I got an email from Mr Total 911 magazine editor Raby the other day, telling me he’d be near the house this week. Did I want to meet up for lunch? “Sure thing,” says I, “let me know where and when.” The ‘when’ was today. The ‘where’ was the Porsche Experience Centre at Silverstone.
At just over ten miles from IB Towers, Silverstone is a favourite haunt. As another Silverstone fan (& lap record holder/race instructor) wanted to meet for a coffee and to discuss my potentially helping to sell his ex-Walter Rohrl-driven 964RS, I hooked up with him at the circuit diner, before trundling around to the Porsche Centre for lunch. Yes, my life is hard!
First impressions of the Porsche Centre are positive. On arrival there’s a C-plate Flatnose parked outside, so it’s not all current product. Good sign #1.
Inside, there’s a beautiful 356 Coupe, a Spyder race car and some very nice new cars, including a Vader-spec Panamera and a McQueen-spec 911 Carrera S: good sign #2. The 911 is painted special order Lamborghini Grey: the same colour Pete von Behrens chose for his insane WEVO-built Cup-engined 912, previously featured on the Classic Porsche Blog. With white wheels and the white S side flash, the car looks fabulous. A brave factory order for a demo!
Upstairs, the restaurant has one of the Fuchs-like Sport Classic rims hanging in the wheel display: good one #3. iPhone pic:
Nick Perry, fellow car anorak and media man at Porsche tells me that UK prices for the Sport Classic wheels are not yet set, but I expect more than a few modern 911s to start wearing these as they become available. Editor Raby has info suggesting the double-bubble Sport Classic roof is on sale at OPCs for a tidy £900, but the man from Del Monte says the roof, ducktail and paint code/trim colour are all unobtanium, to preserve the car’s rarity value.

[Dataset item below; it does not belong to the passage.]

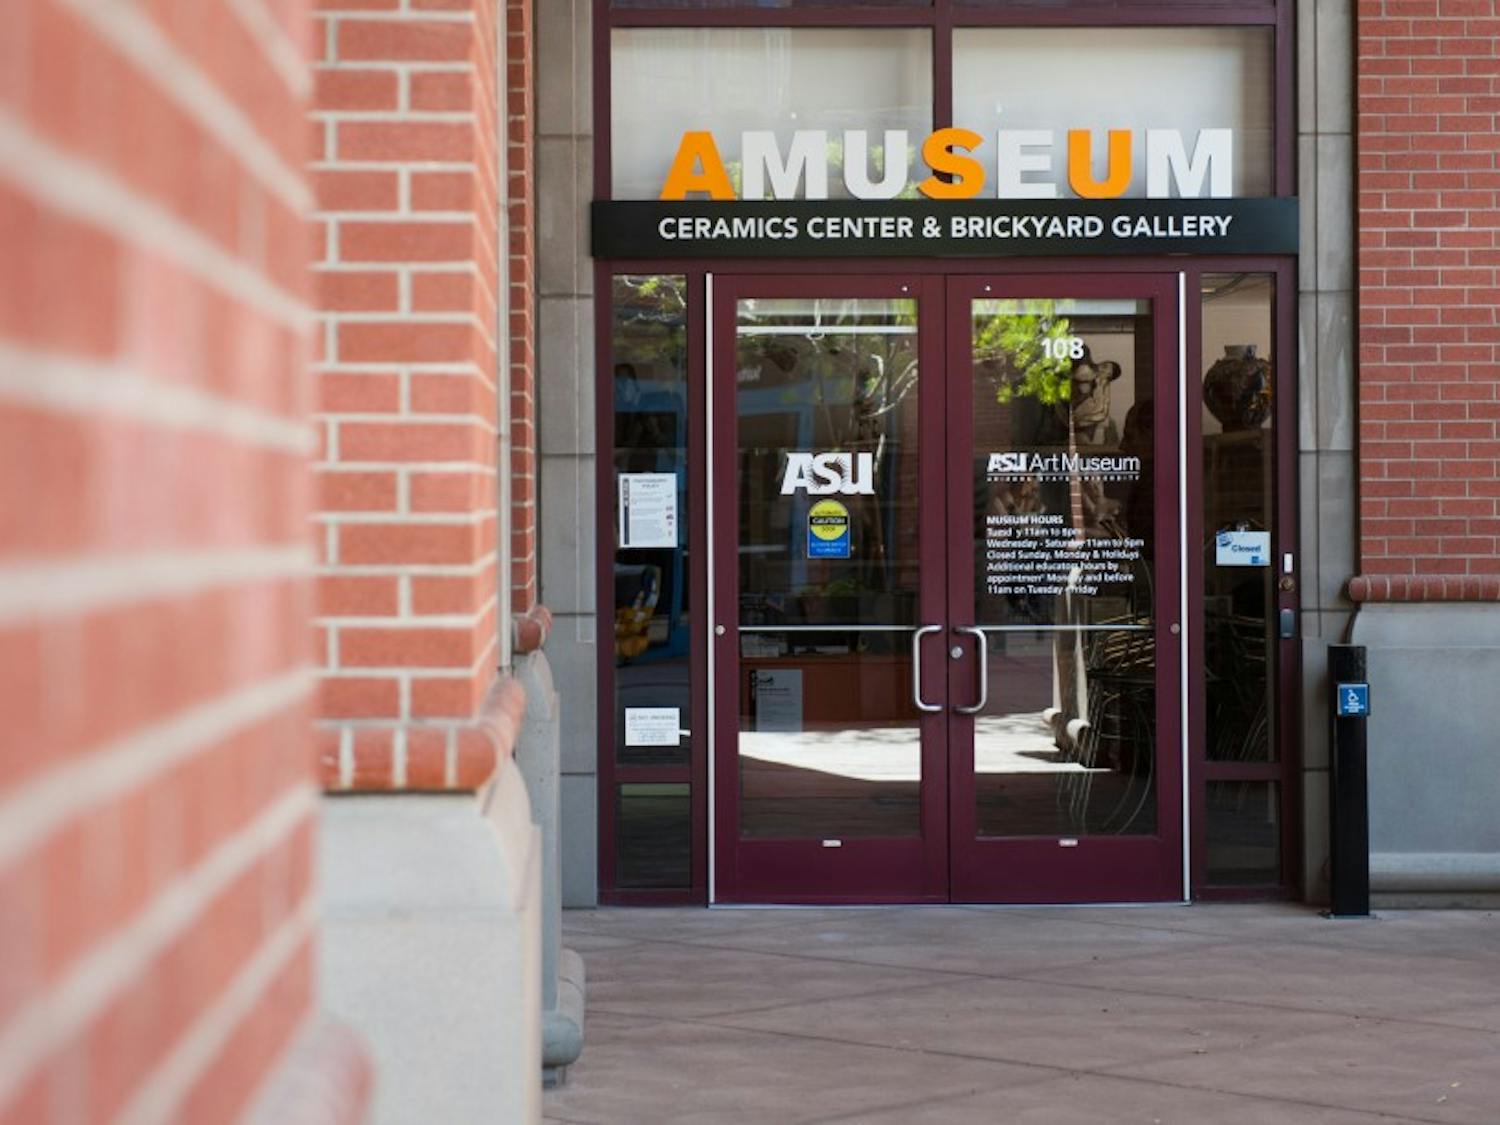 The exterior of the ASU Art Museum is pictured on Tuesday, April 26, 2016, at the Brickyard in Tempe.

Surely just a matter of time before someone figures out a reproduction: I’d put money on a Ruf Roof and Ducktail package in due course. Given the sea of RS reps in existence, Sport Classic reps are an interesting thought.
Lunch at the Centre was excellent, and left time for a quick tour of the place before Phil and Ali got started on their feature: shooting the Classic Experience. The Classic setup is an ’85 3.2 Carrera, a 993 and a 997, all owned by the centre and intended to give the driver an impression of how the 911 has developed over the years. Both classic Porsches came in through the dealer network.
The centre also keeps an average of 20 cars on its test fleet: manual and PDK versions of all production models, as well as examples of various power levels: with and without ceramic brakes and special suspension packages.
Alongside the Classic Experience, the Porsche Driver Centre runs other menu experiences (download the pdf here). There’s the GT day for a very reasonable £400, which includes a bundle of laps behind the wheel of a GT3, and ‘YouDrive@Porsche‘ days, where you can sample the centre’s facilities using your own four wheels (including a go on the skid pan/handling section), and round it all off with half an hour behind the wheel of a 997 Carrera.
In spite of my diehard corporate cynic gene, I enjoyed my visit to the Porsche Experience Centre. It’s not trying to sell you anything: it exists to support the dealer network and, more importantly, new Porsche customers who want to understand what their car is capable of. It’s a unique facility that sets our favoured manufacturer apart, so hats off to the guys who made it all happen.